原因遺伝子が分かっているハンチントン病という病気があります。一例を挙げましょう。母、兄ともハンチントン病なので、自分もいずれ発病するのではないかと訪ねてきた50代の主婦の方がいました。もっと若いころに検査を受けたかったとのことですが、検査してもらえる機関が分からず、患者会に相談してここを紹介されたということでした。最初は1人で来られたのです。遺伝カウンセリングにおいて一番大事なことは、その人をサポートしてくれる人、その人が一番心から頼っている人はだれか、ということです。「夫です」ということでしたので、次にご夫婦で来ていただきました。ご主人は会社員です。「昔から妻はこの検査を受けたいと言っていたからお願いします。私は出張も多く、忙しくて…」などと気軽な感じで言われました。

そこで、発症前診断にどういう意味があるか、もし陽性だった場合のサポートや人生設計のことなどいろいろお話ししました。「知らないままでいる」という権利も尊重されなければなりません。
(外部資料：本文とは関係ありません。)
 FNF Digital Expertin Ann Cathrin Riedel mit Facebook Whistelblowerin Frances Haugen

奥様が例え知りたいと思われても、本当に知らせた方がよいかどうかは十分考える必要がある、ということもお話ししました。だんだんご主人が硬い表情になって、これは大変深刻な問題だと分かってくれたようです。まず、奥様がこの遺伝子変異を持つことが分かった場合に発病の前、発病の後を想定してどのように対応するか、レポートを書いてきてくださいと頼みました。

ハンチントン病の遺伝子を持つ家系に生まれ、自身、ハンチントン病の研究支援体制の構築に家族ぐるみで力を注いだナンシー・ウェクスラー、アリス・ウェクスラーという米国人姉妹がいます。このウェクスラー氏の書いた書物もお貸ししました。次にご主人が持ってきたレポートには、奥さんが発病したら自分が全面的にサポートしたい、そのためにも遺伝子変異があると分かったら何歳くらいで家をバリアフリーにする、どういう医療保障制度があるかも勉強したい、などということがA4判数枚にわたって書かれていました。参考にした本や論文も引用し、ウェクスラー氏の著書も読んだ上で書かれたレポートでした。
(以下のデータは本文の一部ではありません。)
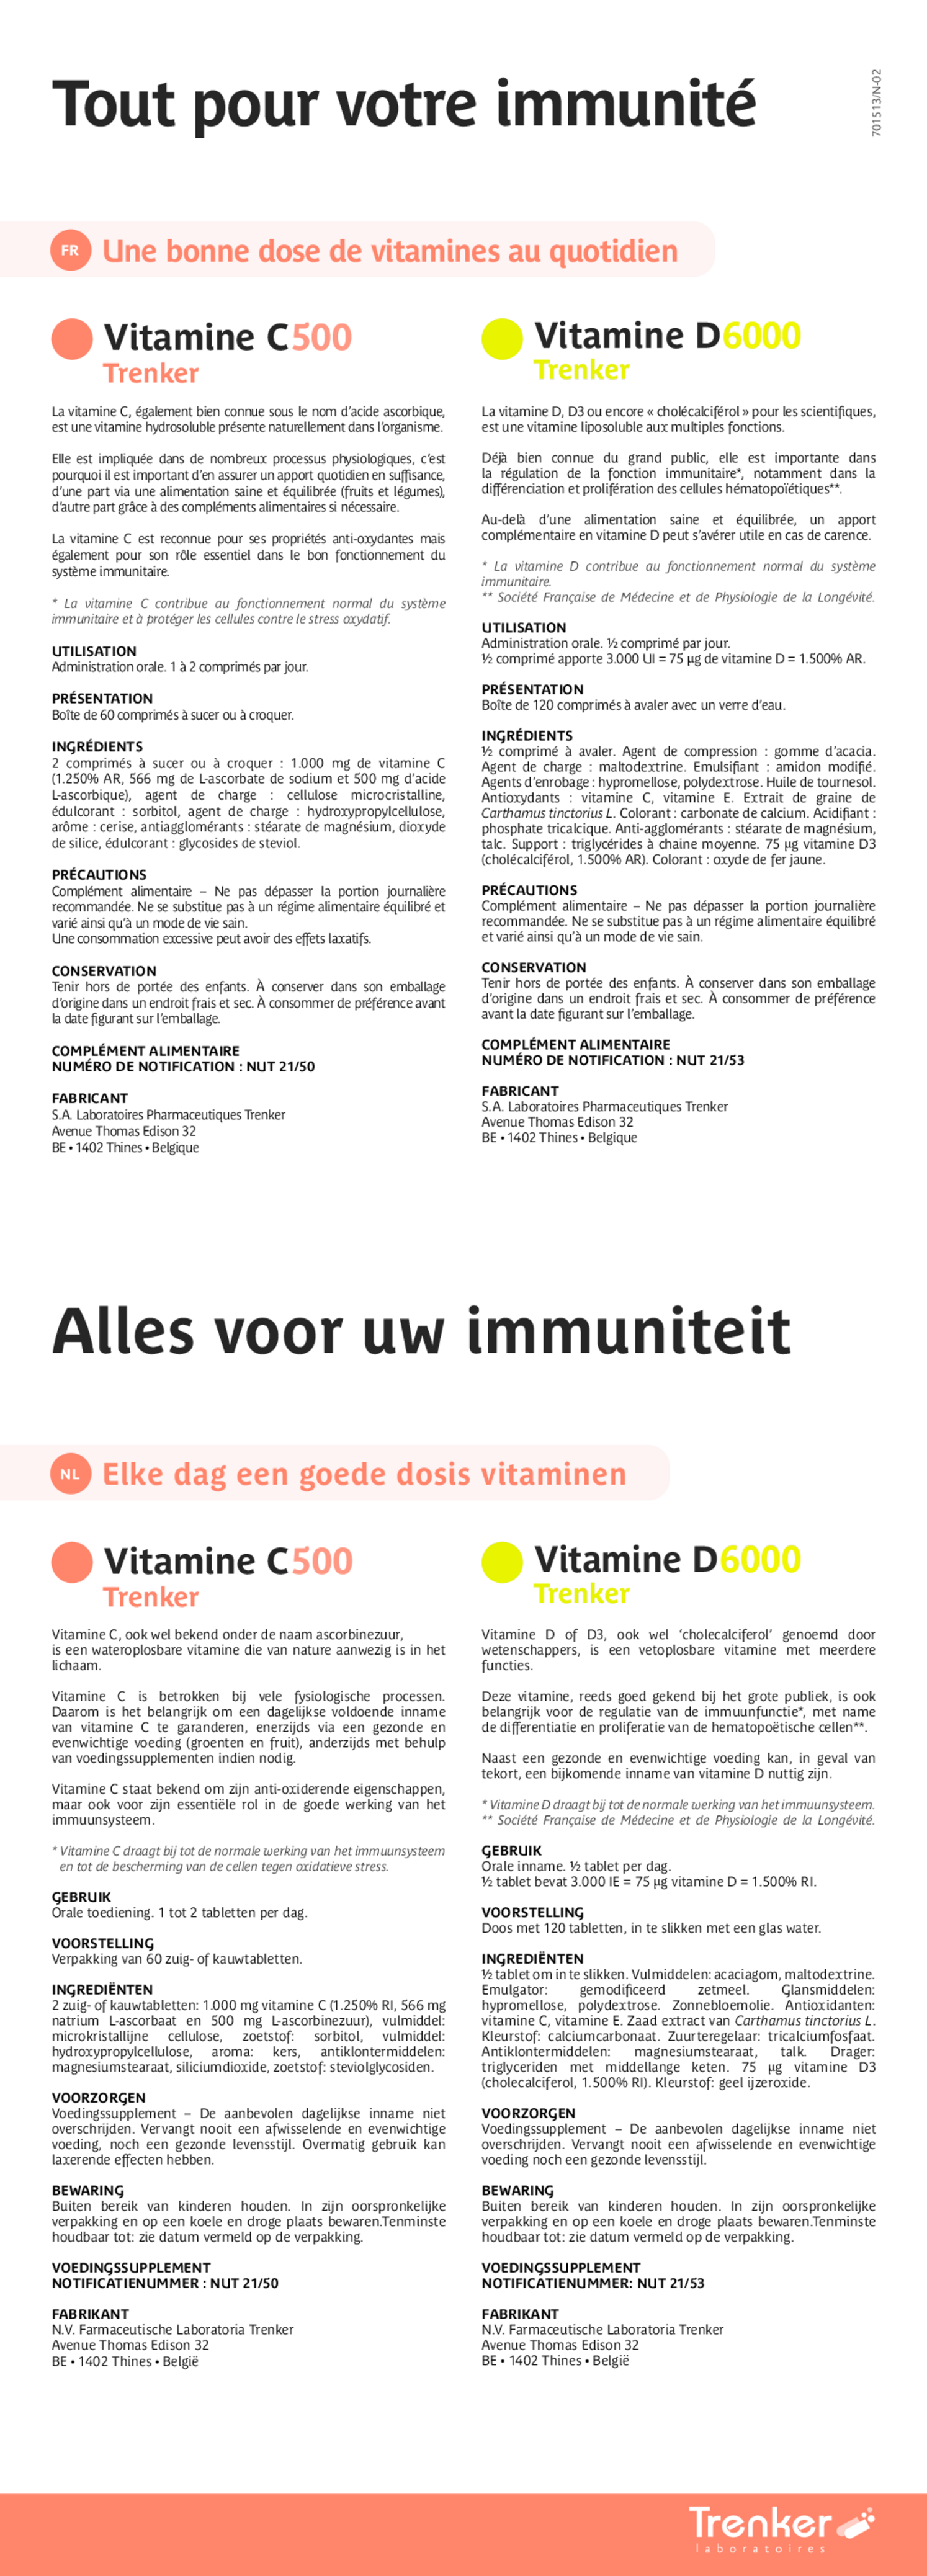 Vitamine D6000 afbeelding van document #1, gebruiksaanwijzing

さらにソーシャルワーカーを紹介して、発病した場合に日本にどのようなサポートの体制があるかを知ってもらったところ、病院の近くに住んだ方がよいか、あるいは田舎に移り住むのがよいかなど人生設計をきちんと考えてくれるようになり、奥様の方が大変びっくりしてしまいました。

奥様もとにかく検査は受けたいということでしたので、学内の倫理委員会にご夫妻のレポートも付けて遺伝子検査の申請をしました。倫理委員長は「ご主人のレポートを読んで泣いてしまった」といわれ、申請は通りました。
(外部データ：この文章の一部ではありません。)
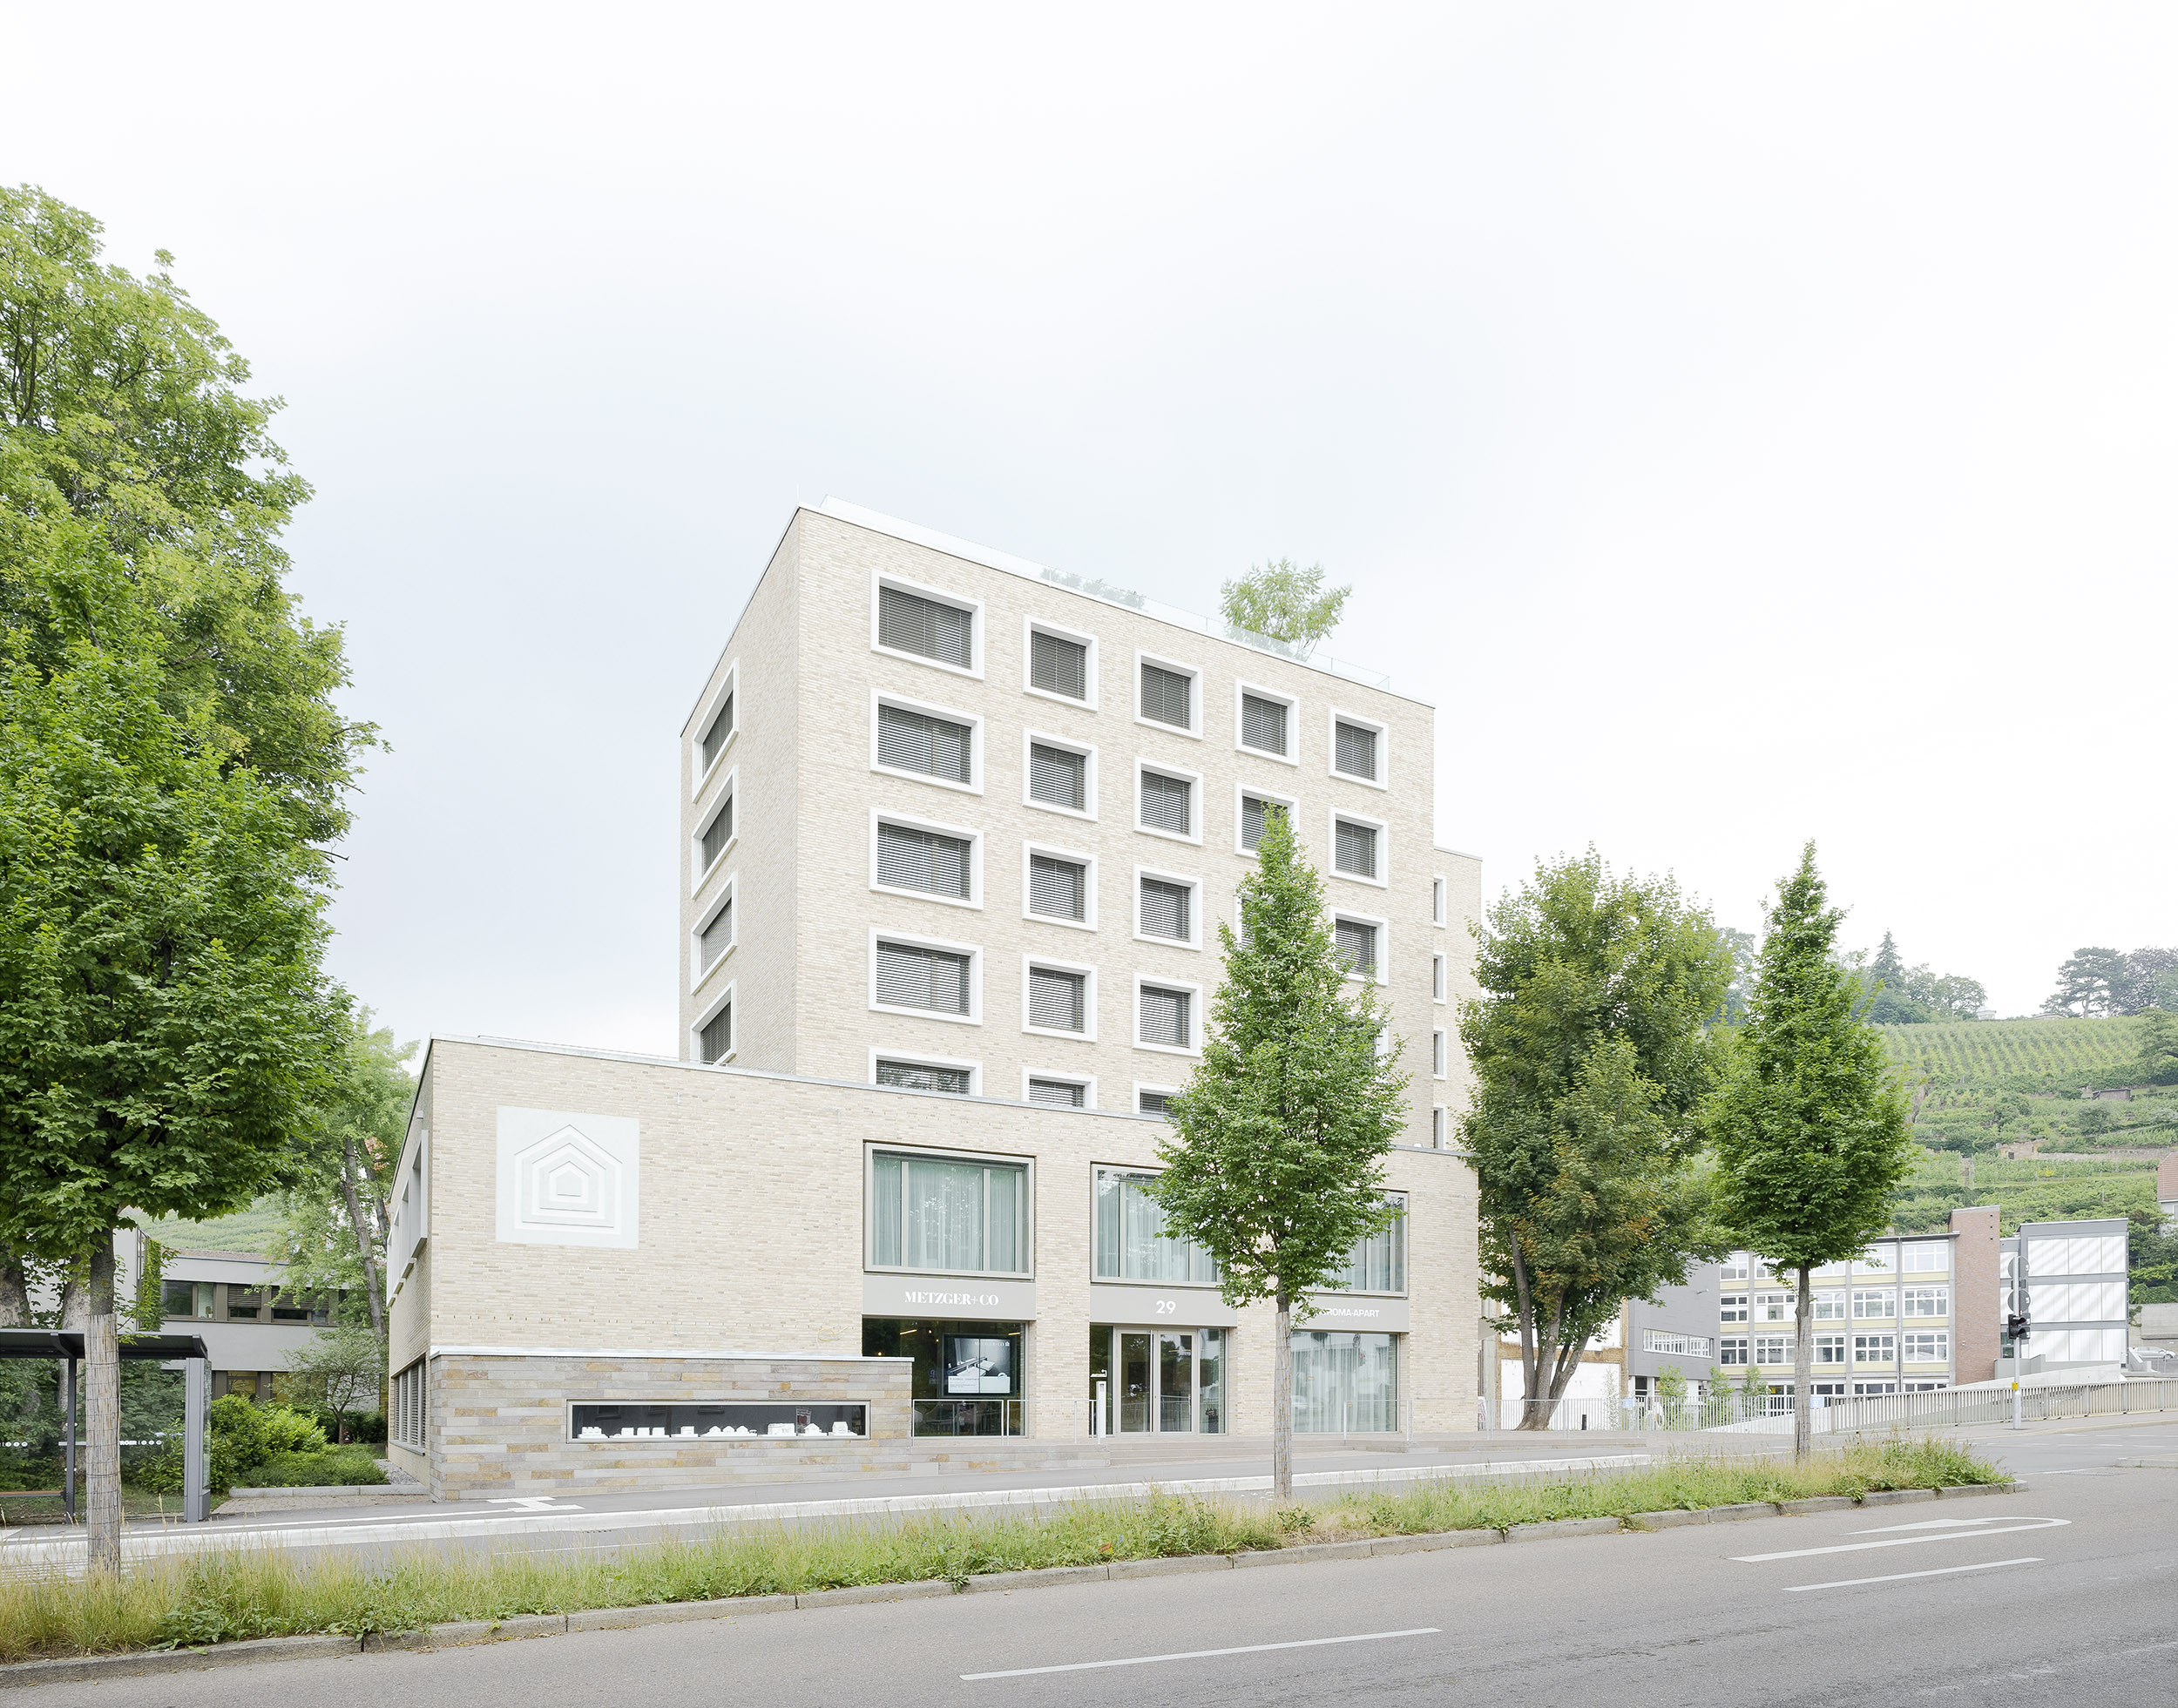 kaestle&ocker - Büro & Apartmentgebäude

遺伝子検査の結果は、陽性でした。私たちも非常に心配したのですが、検査結果が出た後、ご夫妻で来られ、やはり「2週間はものすごく落ち込んだ」とおっしゃっていました。しかし、その2週間ほどの間に、ご主人がインターネットで最新の治療、外国でどのような治験が行われているかなどの情報をたくさん探し出して奥様に見せてあげたりするうちに「仕方のないことだ」とも考えるようになったということでした。

私たちは、検査で陽性と出たらそこから本当の医療が始まると考えています。大学内の神経内科の先生も紹介いたしました。まだ発病されていませんが、今でも定期的に来ていただいています。親が発病した年齢から、自分も何歳くらいで発病するかもしれないということを想像されていると思いますが、精神的な乱れも見られず、健康管理のために休日にはご夫婦で出かけたりしているということです。

検査を受けて2年目くらいの時点でアンケートに答えていただきました。つらかったけれども、本当に受けてよかった。ご主人がこんなに思いやりのある人だとよく分かって、自分は本当に幸せだ、ということが書かれていました。

―遺伝カウンセリングを受けて初めて幸せと分かったことがある、ということですね。

そうです。ですから遺伝子の変異で発病するという深刻な問題も、やはり基本には家族の愛情といった素朴なところがあるのです。そうした家庭の幸せとか、夫婦の愛情といった人間的な面をベースに成り立つ先進医療といえます。

(続く)

斎藤加代子 氏
(さいとう かよこ)
斎藤加代子 氏
(さいとう かよこ)

斎藤加代子(さいとう かよこ)氏のプロフィール
福島県須賀川市生まれ。雙葉学園高校卒。1976年東京女子医科大学卒、80年同大学院医学研究科内科系小児科学修了。東京女子医科大学小児科助手、同講師、助教授などを経て99年小児科教授。2001年大学院先端生命医科学系専攻遺伝子医学分野教授、04年から同教授と兼務で現職。09年から男女共同参画推進局女性医師・研究者支援センター長、10年から統合医科学研究所副所長・研究部門長、11年から図書館長をそれぞれ兼任。専門は遺伝医学、遺伝子医療、小児科学、小児神経学。医師に必要とされる患者との接し方など人間関係教育や医学部卒前教育にも深く関わってきた。